General wound care advice.

  • In most cases your wound will have been covered with a suitable dressing.
  • Do not remove the dressing unless you are instructed to do so. If the dressing becomes soiled or wet, it should be replaced.
  • Keep the wound dry, wash around it where possible.
  • Do not cover with waterproof fingerstalls, plastic bags etc, unless you are advised to do so. This will make the wound soggy and more prone to infection.
  • If the wound becomes hot, painful, red, swollen, smelly, or discharges or reopens, please inform your GP or call 111 for advice.
  • The redness of the scar may take six months or more to fade in colour and may not completely disappear.

Your wound closure method.

  • Your wound has been closed today using (data will be provided) which should be removed in (data will be provided) days.
  • Steristrips can be moistened and gently removed.
  • Tissue glue does not need to be removed, it will fall off with the scab.
  • Sutures and clips can be removed by your General Practitioner or the practice nurse. Please make the necessary appointment for as soon after the recommended removal date as possible.
  • Sutures may leave tattoo marks around the wound, if not removed promptly at the recommended time.
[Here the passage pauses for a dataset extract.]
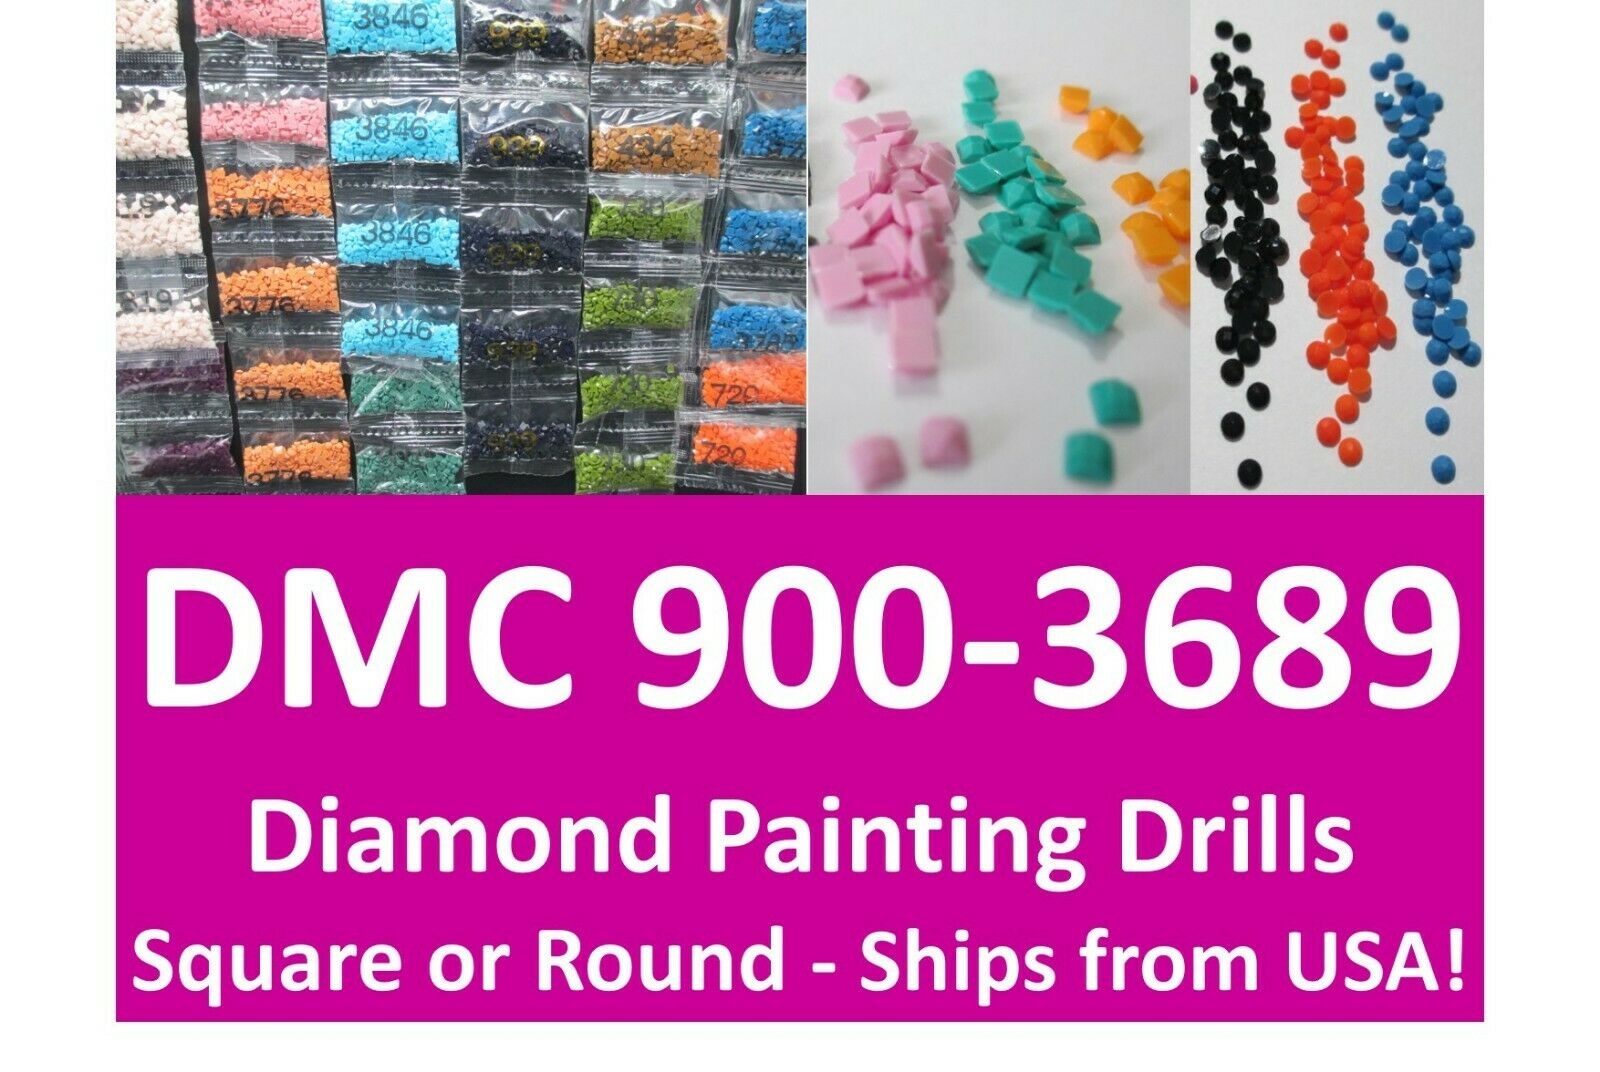 Diamond Painting Drills Dmc 900-3689 - Square Or Round - Individual Bags
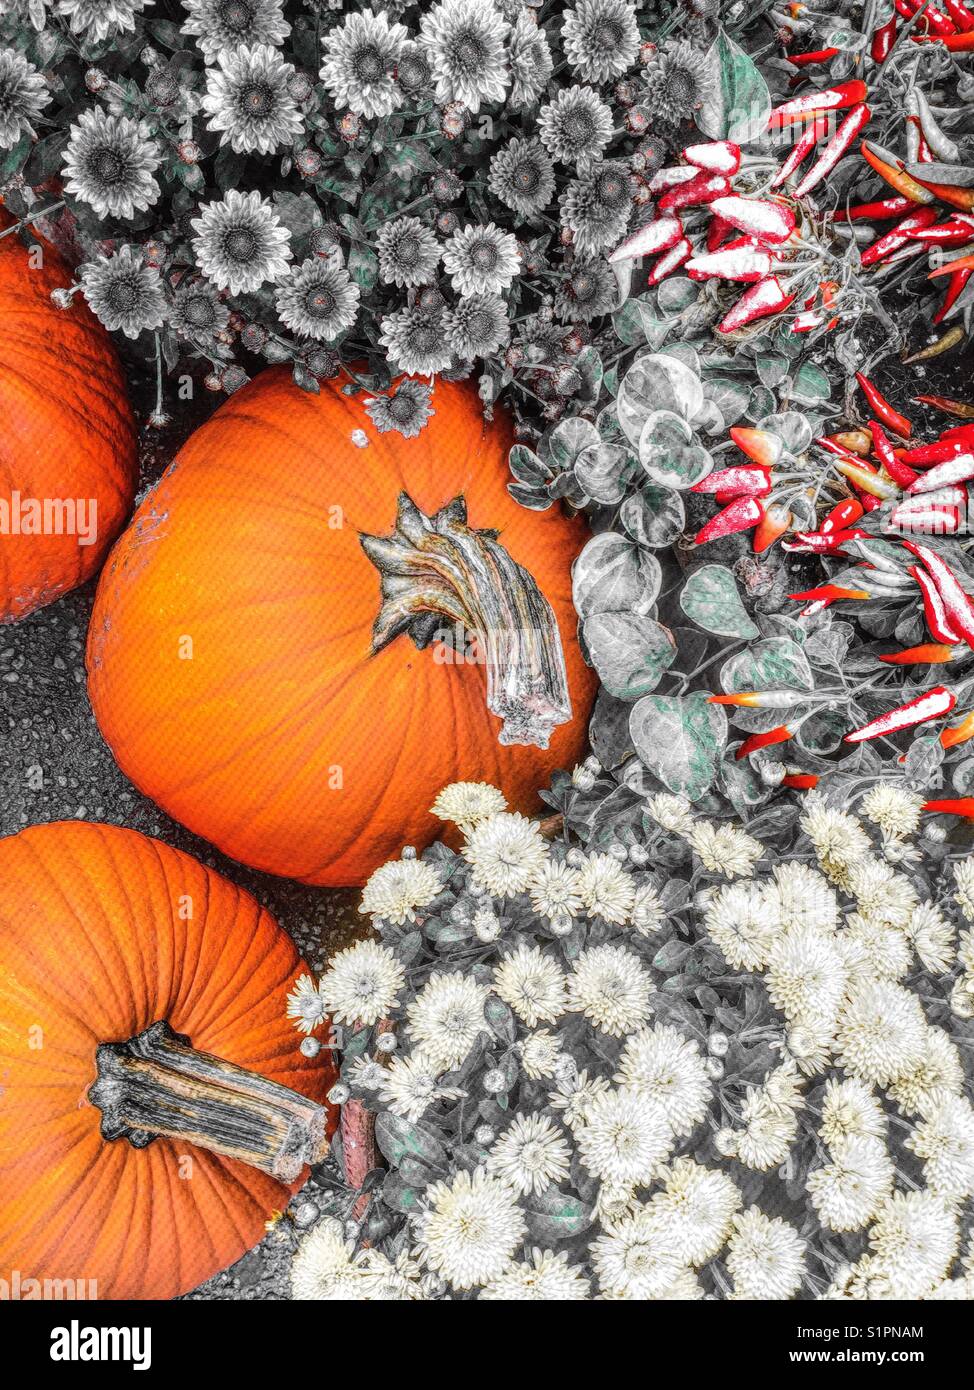 Fall display of flowers and pumpkins, USA Stock Photo

  • For general medical advice please use the NHS website, walk-in-centres, the NHS 111 service or your GP.
  • NHS telephone advice 111.
  • Your own GP and practice nurses are also available for general advice on care of your wound.


This information is for guidance purposes only and is in no way intended to replace professional clinical advice by a qualified practitioner.

This article is intended for patients receiving care in Brighton & Hove or Haywards Heath.